Kado Cinta Untukku

Inilah air mata pertamaku kala aku mengingat kejadian itu. Awalnya aku tidak pernah menangis ketika mengingat masa itu. Entah kenapa malam ini berbeda. Aku menangis sejadi-jadinya ketika mendengar lantunan lagu religi yang sengaja kuputar di komputerku. Akhir-akhir ini memang aneh. Aku merasakan perubahan dalam diriku. Tiba-tiba saja, aku jadi sangat suka lagu religi. Padahal dulu sangat membosankan. Dulu, aku lebih suka mengoleksi lagu-lagu barat milik orang kafir.

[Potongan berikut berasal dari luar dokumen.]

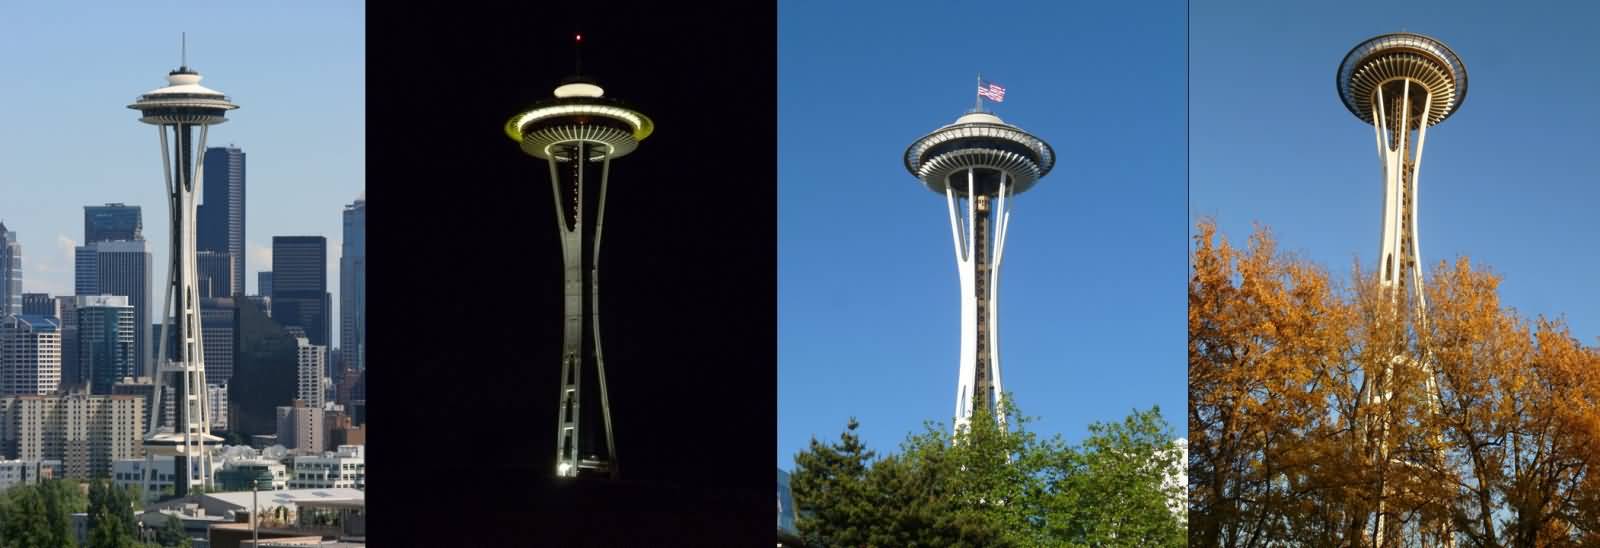 Four View Of Space Needle Tower

Aku menangisi dosa-dosaku. Dosa-dosaku padah Tuhanku. Tuhan yang sangat menyayangiku. Dosa-dosaku pada ibuku. Ibu yang sangat mencintaiku. Yang selalu mendoakan yang terbaik untukku. Yang selalu mendukungku. Yang tidak memarahiku meski aku sering menyakitinya.
Ayahku telah tiada. Itu artinya aku tidak punya kesempatan lagi untuk berbakti langsung kepadanya. Padahal surga itu ada di telapak kaki kedua orang tua apalagi seorang ibu. Kalau sekiranya surga itu bisa digenggam, maka birrulwalidain-lah yang dapat menjawabnya. Tapi aku tidak pernah menyadarinya. Nasehat berbakti kepada orang tua bukanlah hal asing bagiku. Dari SD setiap pelajaran agama pasti kita diajarkan untuk berbakti kepada orang tua. SMP hingga SMA nasehat itu masih tetap terngiang di telingaku. Tapi masuk di telinga kiri, keluar di telinga kanan. Aku tidak bisa menangkap esensi sesungguhnya.
Dan aku tidak mau menyia-nyiakan kesempatan yang tinggal satu. Yaitu ibuku. Kalau bisa, aku ingin terus hidup bersama ibuku. Jikalaupun aku sudah memiliki suami, aku tetap ingin ibuku selalu berada di sisiku, di sampingku, membelai rambutku dengan sentuhan kasih sayangnya. Aku ingin selalu mendekapnya, memeluknya ketika tidur.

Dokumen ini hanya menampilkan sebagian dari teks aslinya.